The Hidden Costs of LLM-as-a-Service

Most cloud-based large language model (LLM) APIs bill users by the number of tokens processed or generated. At first glance, this seems reasonable: tokens are a natural unit of work for LLMs, and tokenization is well-understood—at least for those who control the model. But the underlying process is not transparent to users. As detailed in the recent paper "Is Your LLM Overcharging You? Tokenization, Transparency, and Incentives", this creates an opportunity for providers to overcharge, whether accidentally or deliberately, by exploiting the gap between what gets generated and what gets reported.

How Tokenization Enables Informational Asymmetry

Tokenization—the process of splitting input and output strings into discrete units—differs between models, and the granularity of tokens can vary wildly. Providers, who own both the model and its tokenizer, are the only ones who know exactly how a prompt or response was segmented internally. This puts users at a disadvantage: they must trust the provider’s meter, with no way to independently audit the reported token count. The paper frames this as a classic moral hazard: the party with more information (the provider) has the incentive and means to manipulate the metric that determines billing.

Principal–Agent Model: Incentives for Overcharging

The authors formalize the problem as a principal–agent scenario:

  • Principal (user): Wants useful text, pays per reported token count.
  • Agent (provider): Sees the full tokenization and output, and decides what token sequence (and thus token count) to report.

Profit for the provider is directly proportional to the number of tokens billed, minus a small cost for longer sequences. The incentive is clear: if the provider can split outputs into more (shorter) tokens, they can increase revenue, even if the actual semantic content remains unchanged.

A concrete example from the paper illustrates the potential scale: the string "San Diego" can be tokenized as either two tokens (["San", "Diego"]) or nine (["S", "a", "n", " ", "D", "i", "e", "g", "o"]), depending on the chosen vocabulary and segmentation. That’s a 4.5x difference in billable tokens for the exact same output.

Real-World Tokenization Discrepancies (e.g. 'San Diego' Example)

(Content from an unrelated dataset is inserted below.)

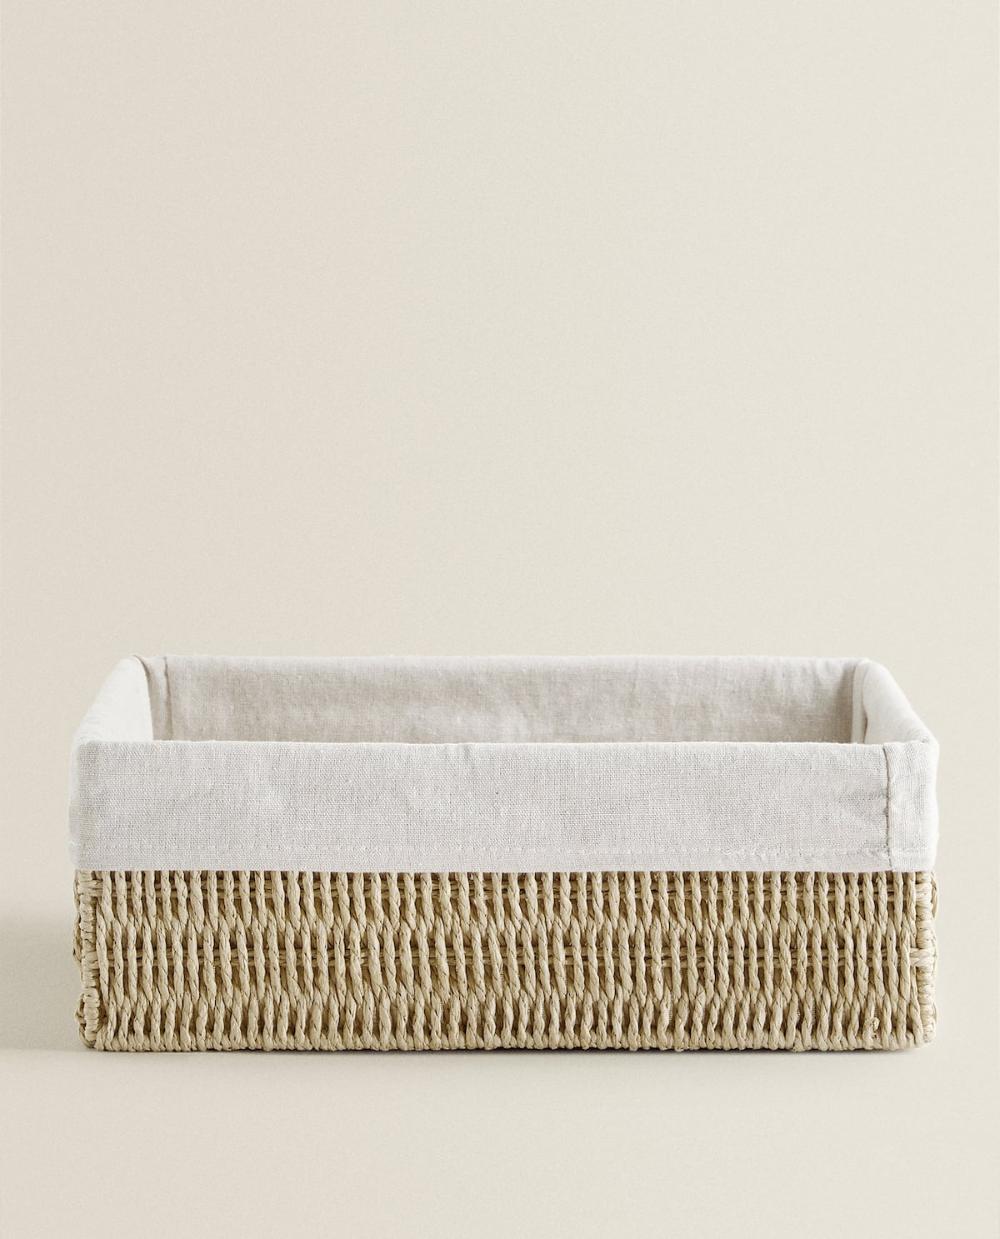 Corbeille Rectangulaire Avec Tissu Interieur I 2020 Zara Home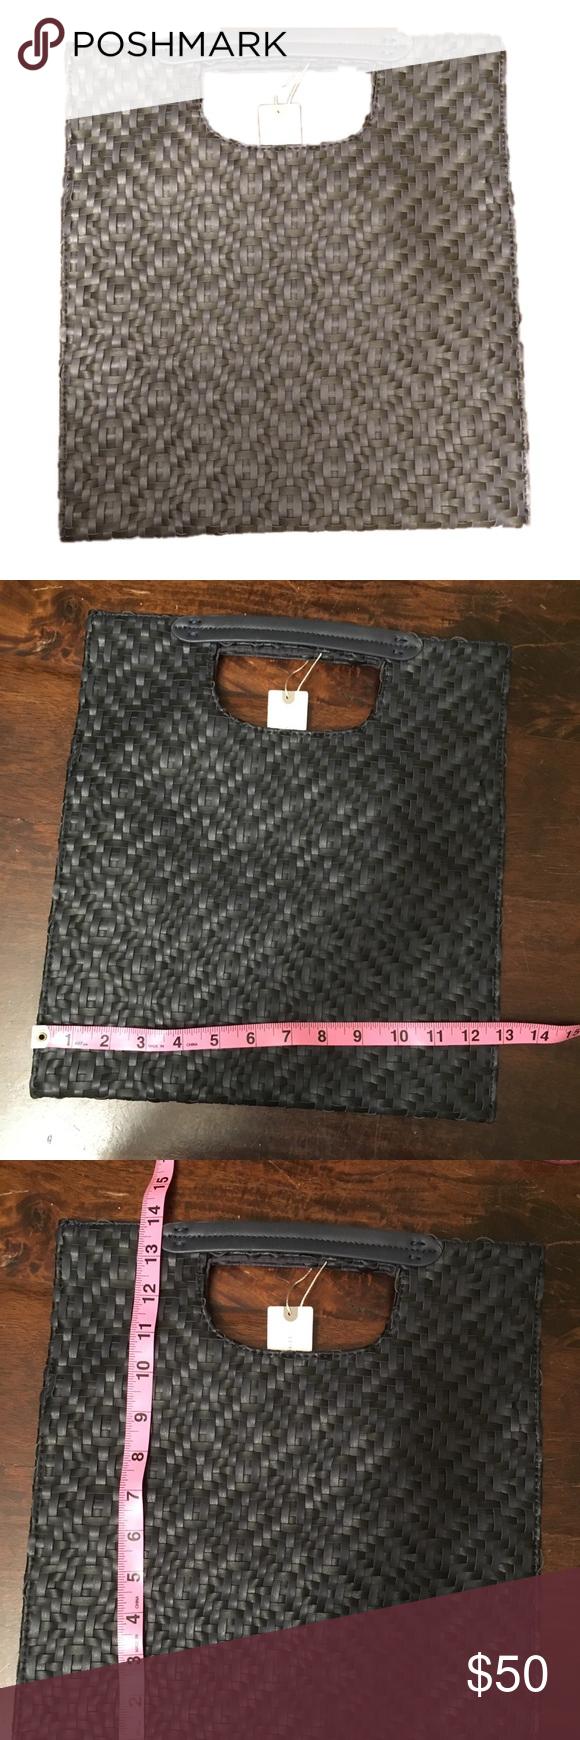 21dcb42ba7 Anthropologie Cara Woven Fold Over Clutch Noir and black basket weave  purse. Interior zipper pocket and two noir satin slip pockets.

To move beyond anecdote, the authors systematically tested how badly a user could be overcharged if a provider maximally abused tokenization. If every character in an output were reported as its own token, users would be on the hook for a token count far exceeding what honest tokenization would yield.

Table 1 of the paper summarizes results across five popular open-weights models (Llama-3, Gemma, Ministral-8B-Instruct-2410): the “character-per-token” strategy would overbill users by a factor of roughly 3.1× to 3.5× compared to normal operation. This isn’t a corner case; it’s a systematic vulnerability, given the right (or wrong) incentives.

Experimental Setup and Model Selection

The authors’ experiments were conducted on a dataset of 400 English prompts from the LMSYS Chatbot Arena. They tested five models—Llama-3 (1B and 3B), Gemma-3 (1B and 4B), and Ministral-8B-Instruct-2410—using dual A100 80 GB GPUs (one GPU per run). Two main experimental conditions were explored:

  • Token-splitting baseline: Model runs at temperature 1.0, with every character split into its own token—a worst-case for overbilling.
  • Heuristic attack (Algorithm 1): Model runs at higher temperature (1.3), applying a practical algorithm to maximize plausible token splitting without detection. Algorithm 1 always splits the token with the highest vocabulary index, because BPE indices correlate with token length.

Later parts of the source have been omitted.